| Source material |
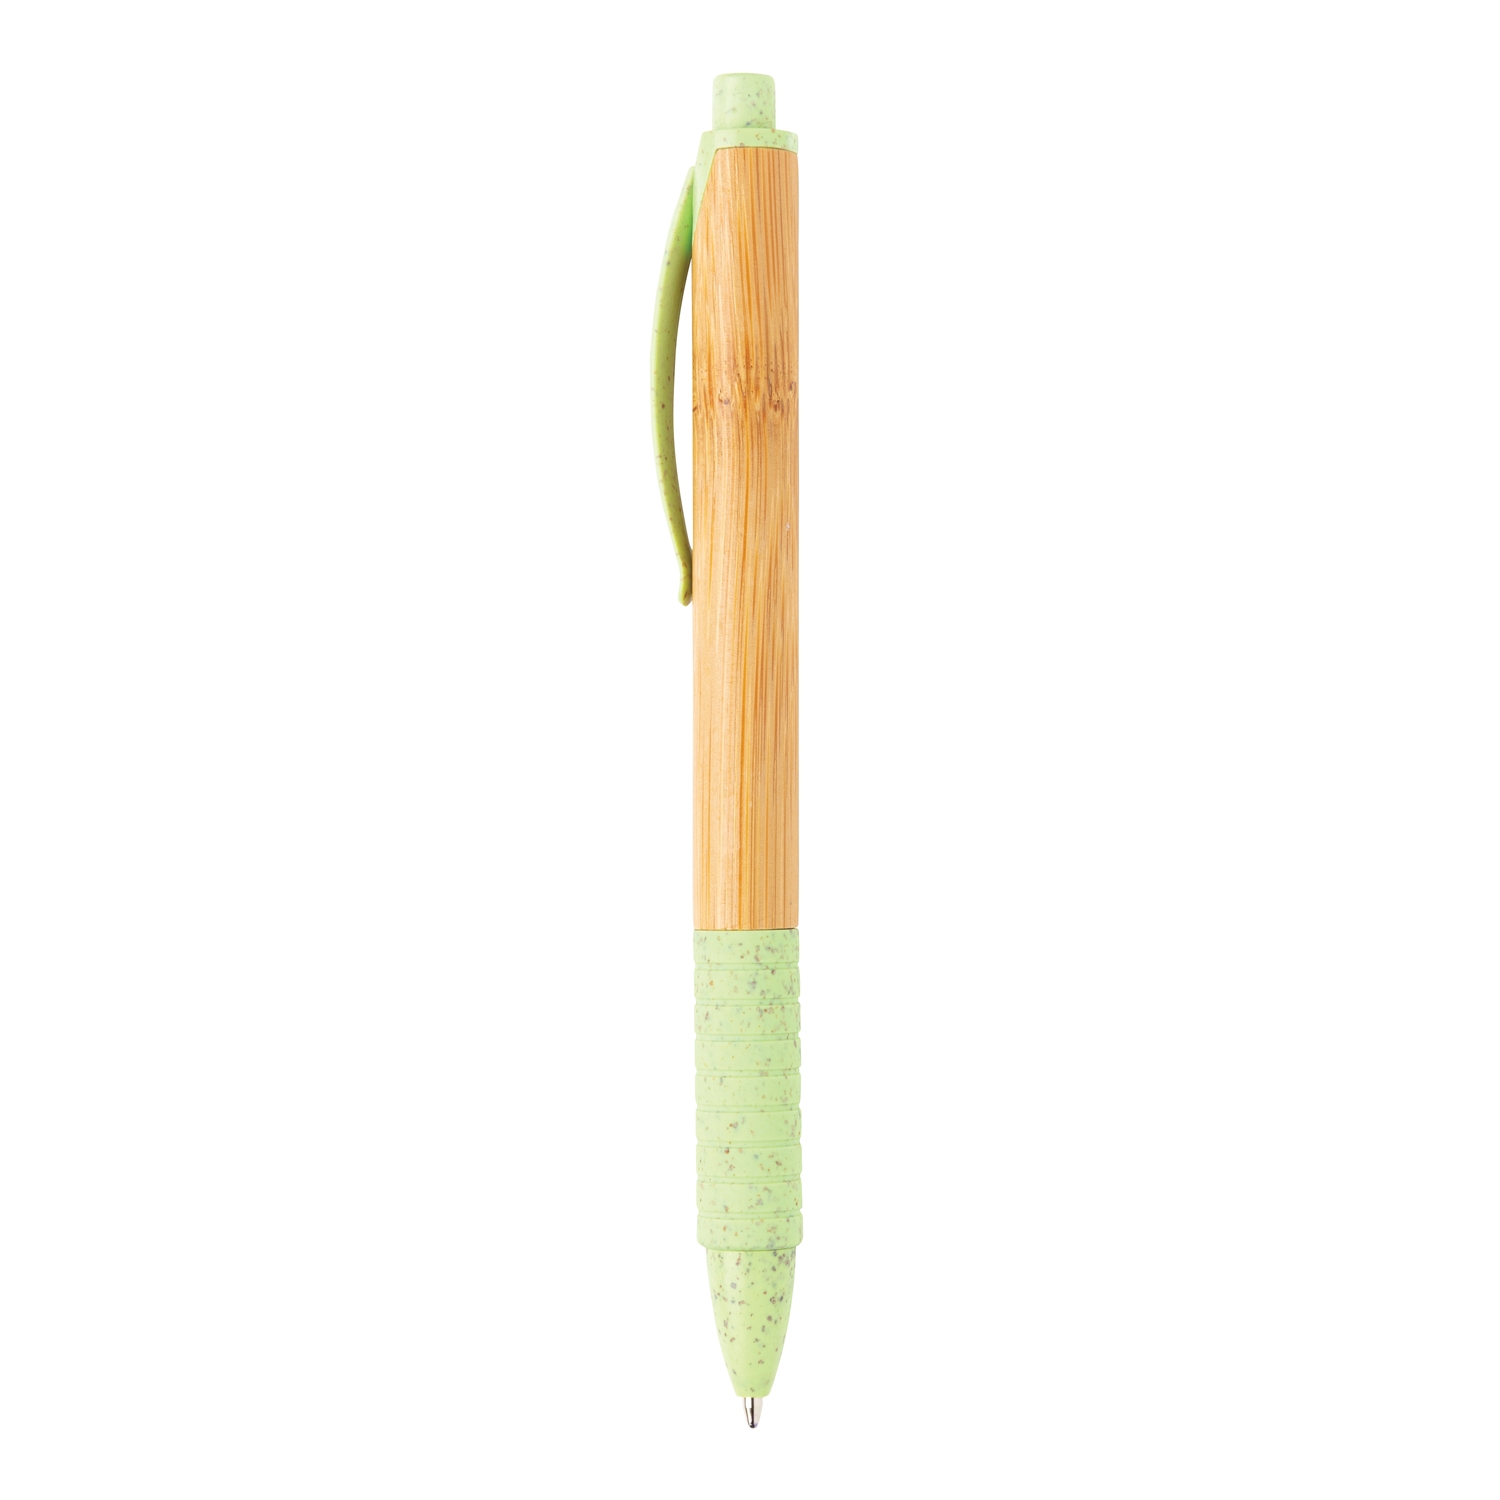 Ручка из бамбука и пшеничной соломы, зеленый, бамбук; волокно пшеничной соломы
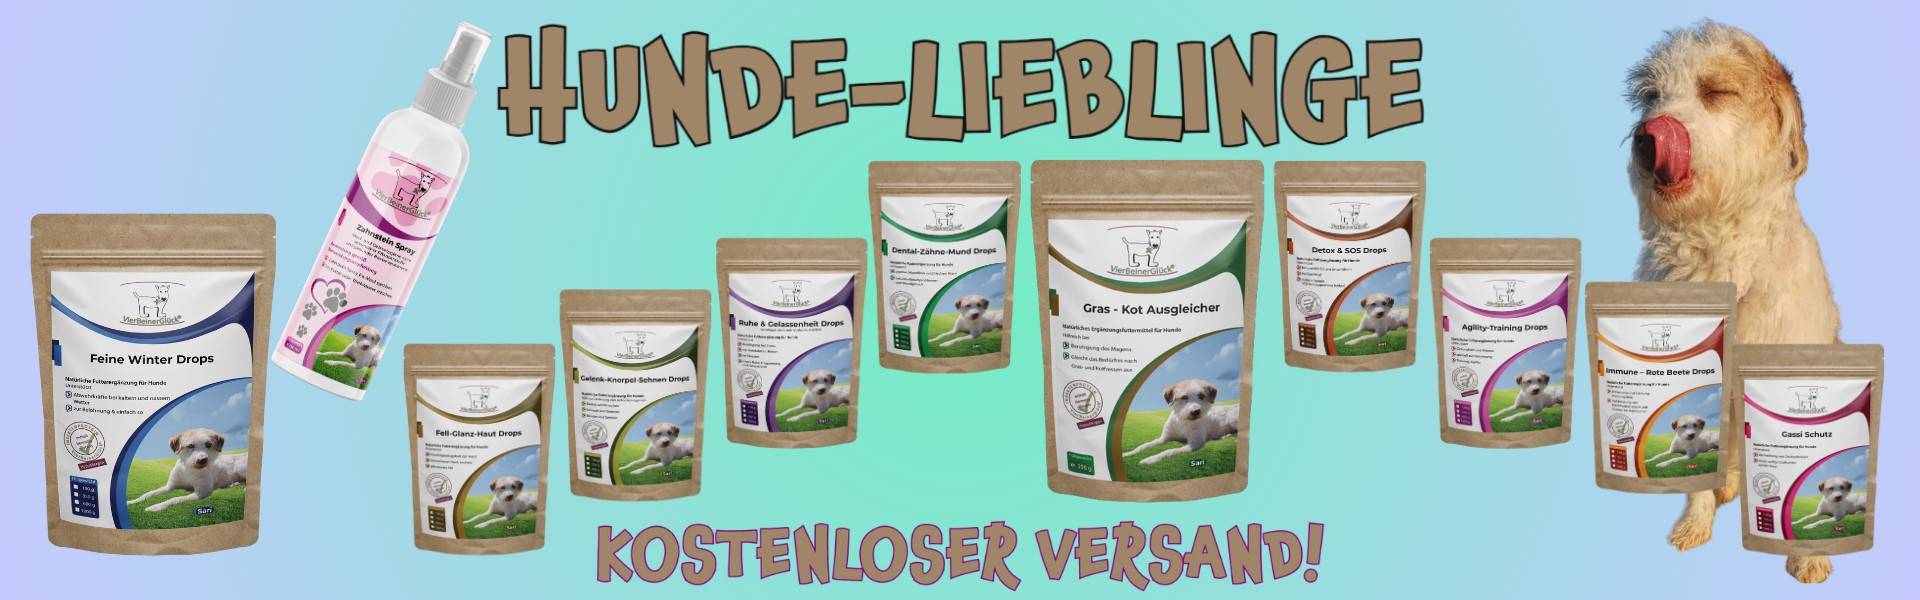 Banner Image alle Produkte "Hunde-Lieblinge"
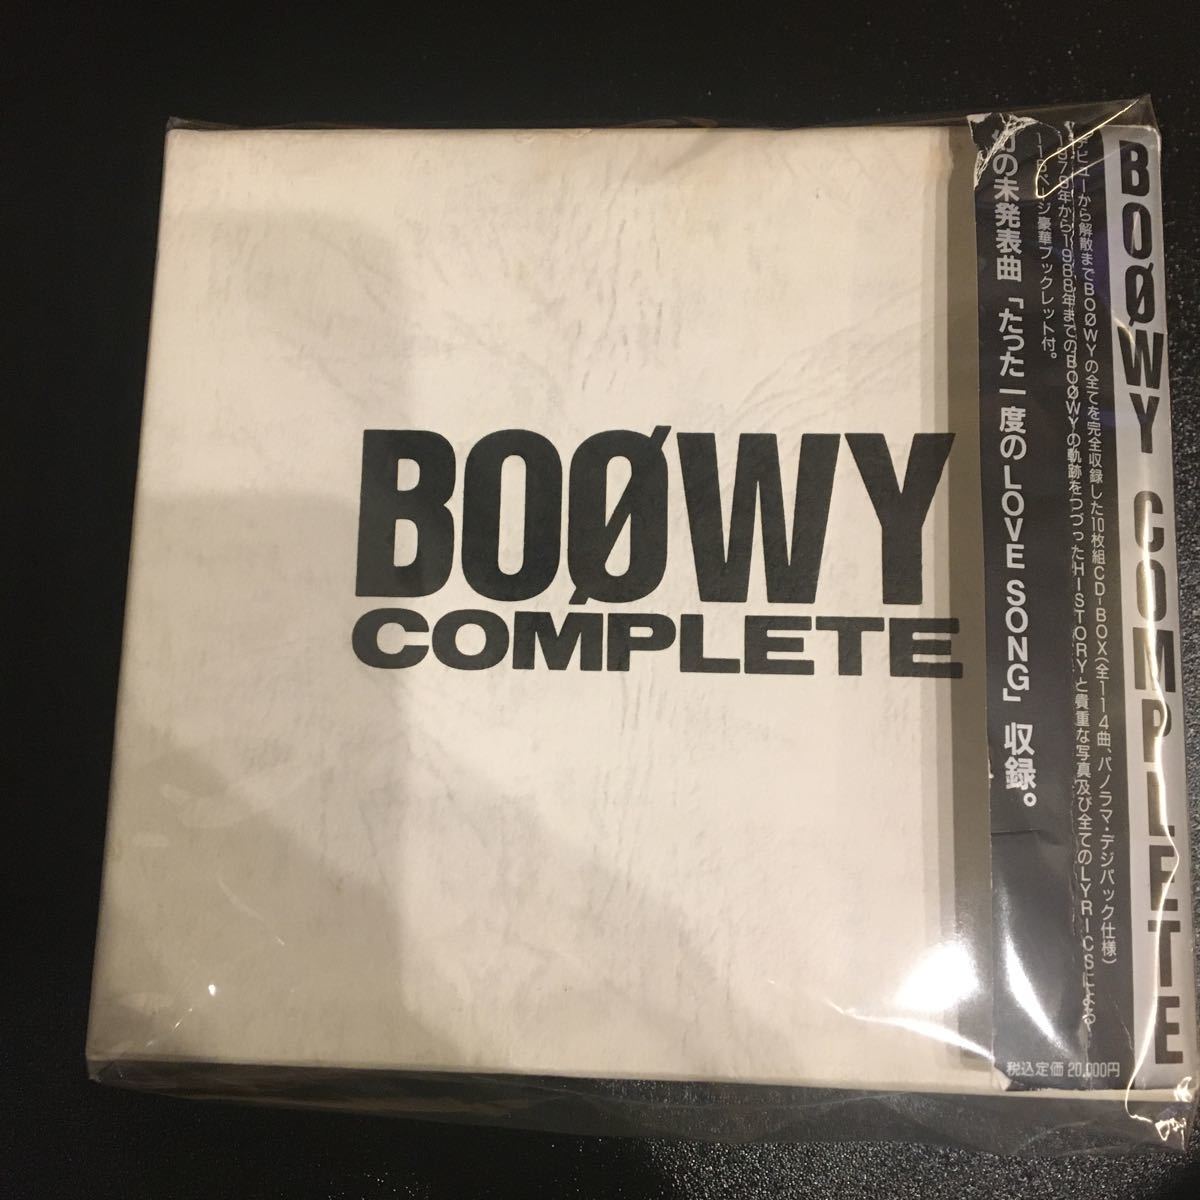 Yahoo!オークション - BOOWY COMPLETE BOΦWY コンプリート 帯
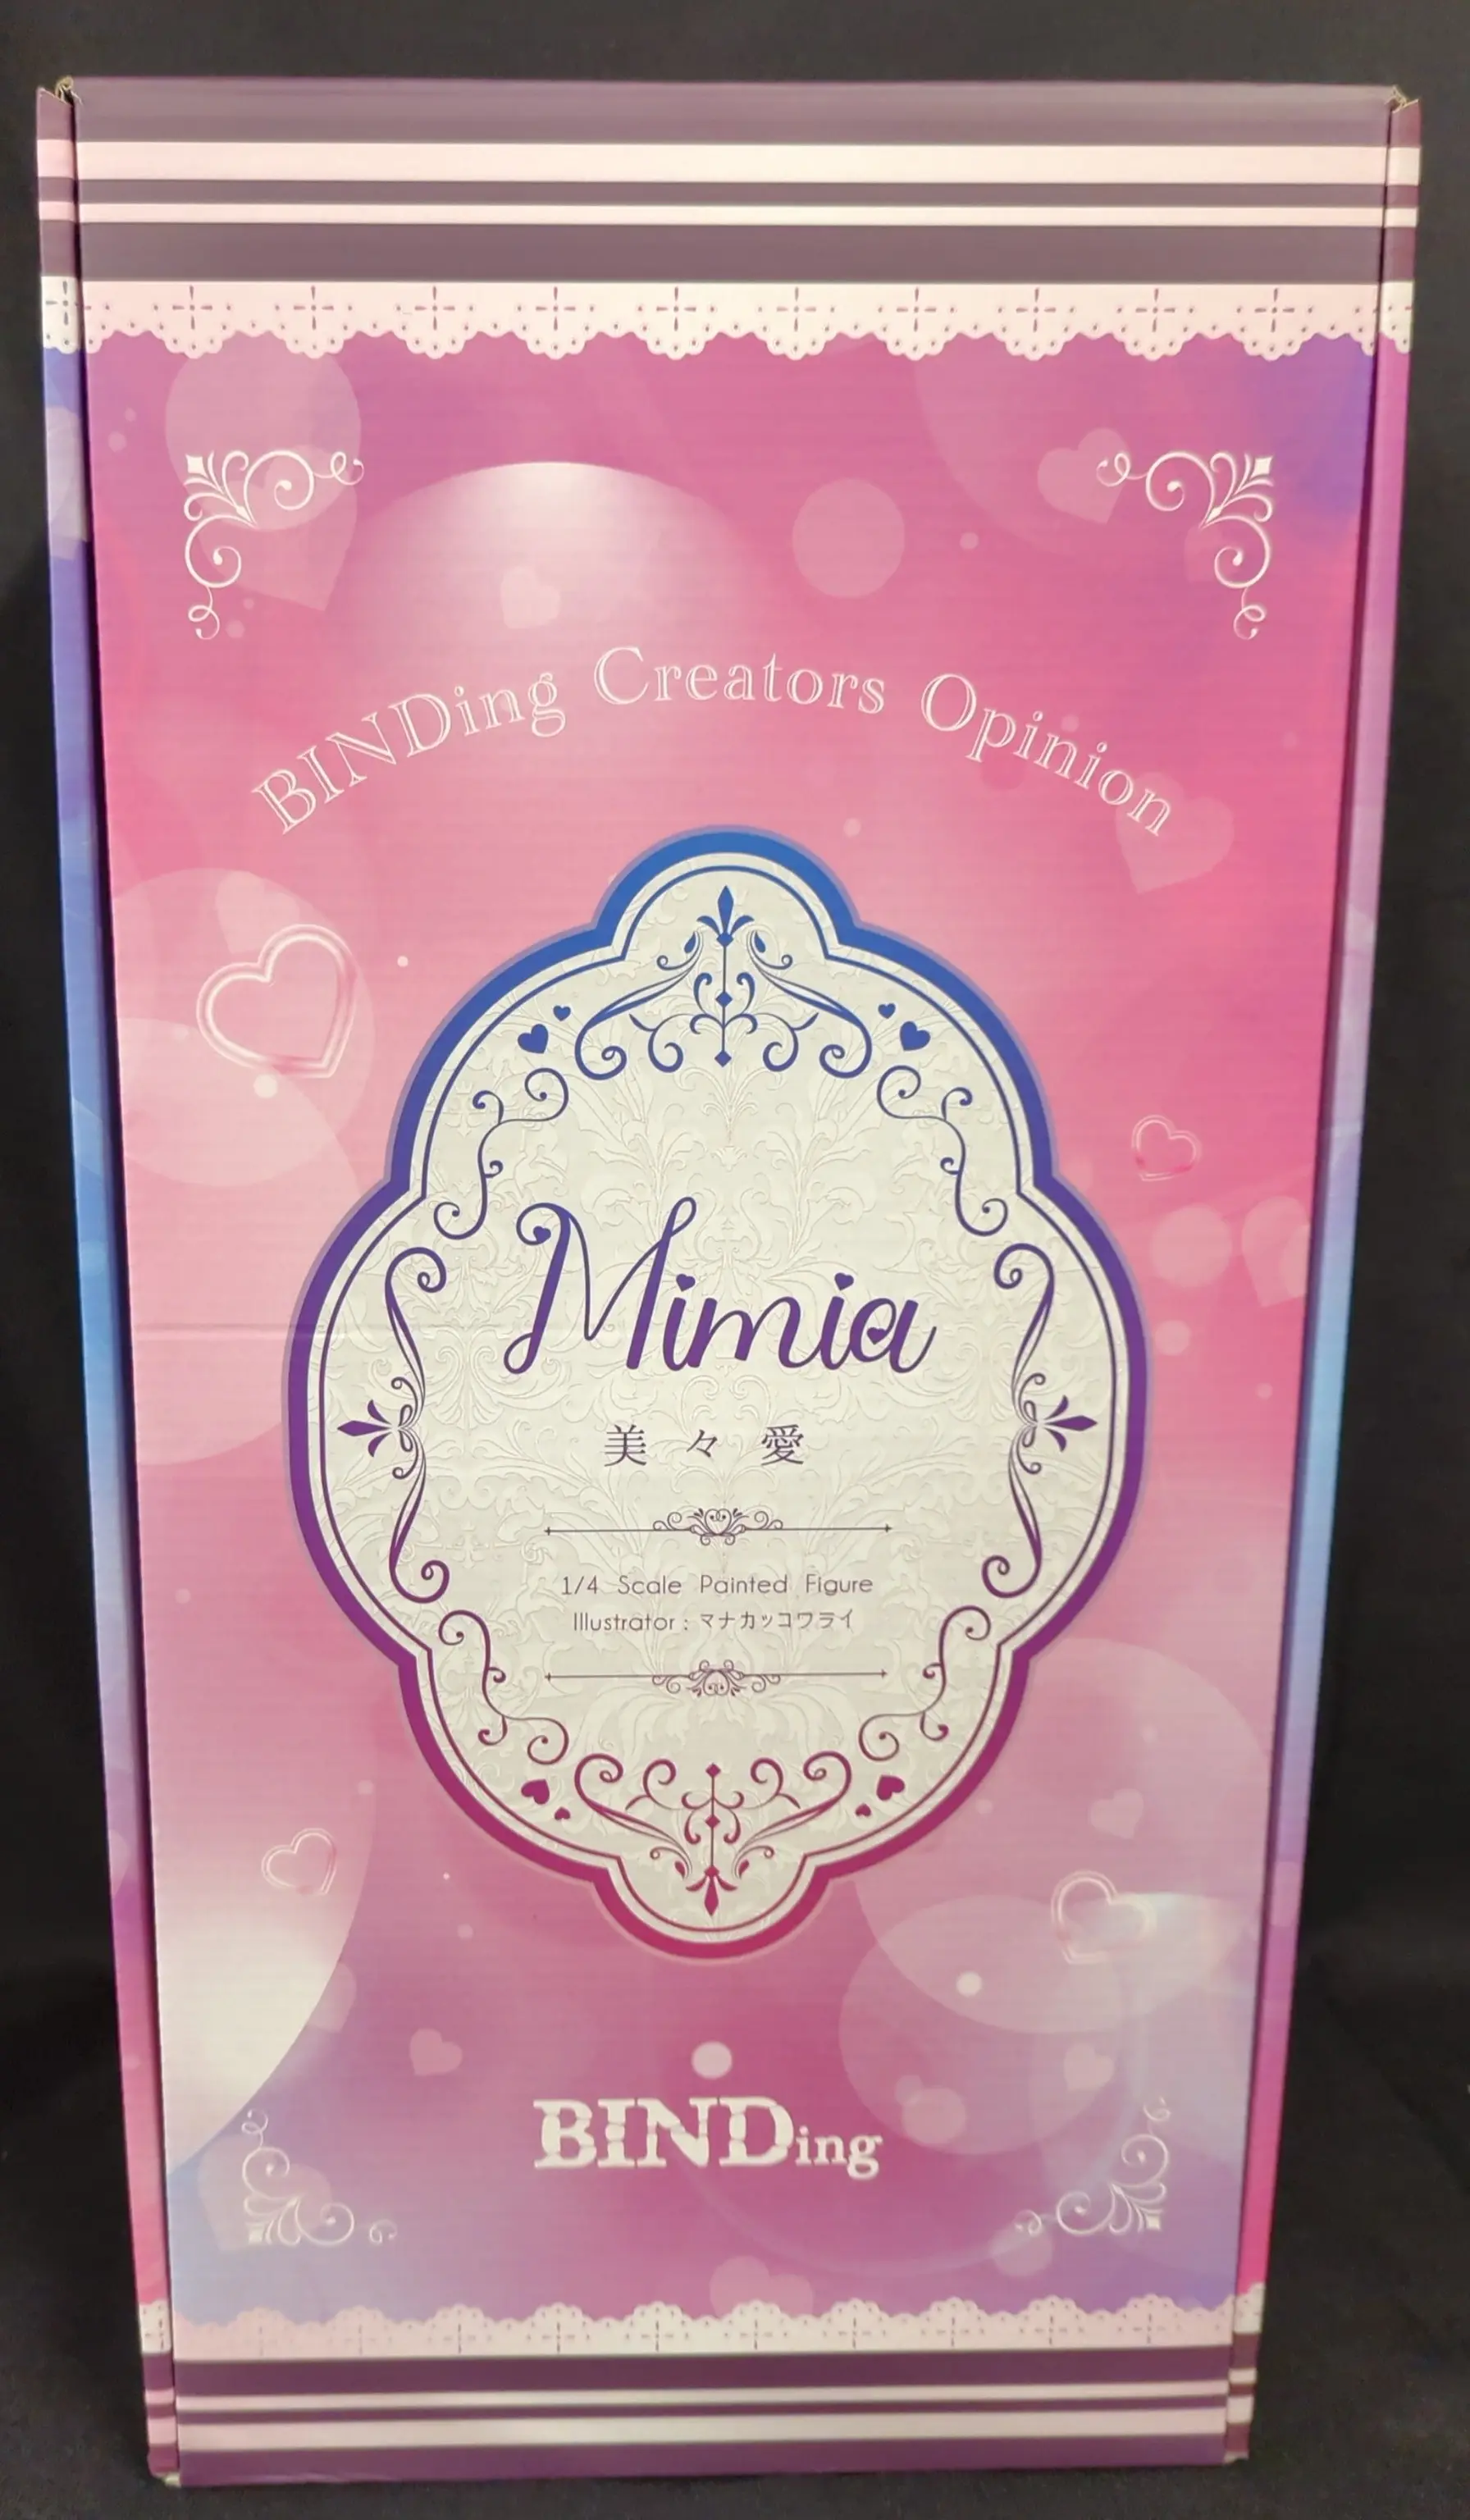 Binding Creator's Opinion - BINDing - MIMIA

| Problem to solve |
Nothing but the pictures should be left out when the listing is repeated exactly.

| Task solution |
 Ручка из бамбука и пшеничной соломы, зеленый, бамбук; волокно пшеничной соломы
 Banner Image alle Produkte "Hunde-Lieblinge"
 Yahoo!オークション - BOOWY COMPLETE BOΦWY コンプリート 帯
 Binding Creator's Opinion - BINDing - MIMIA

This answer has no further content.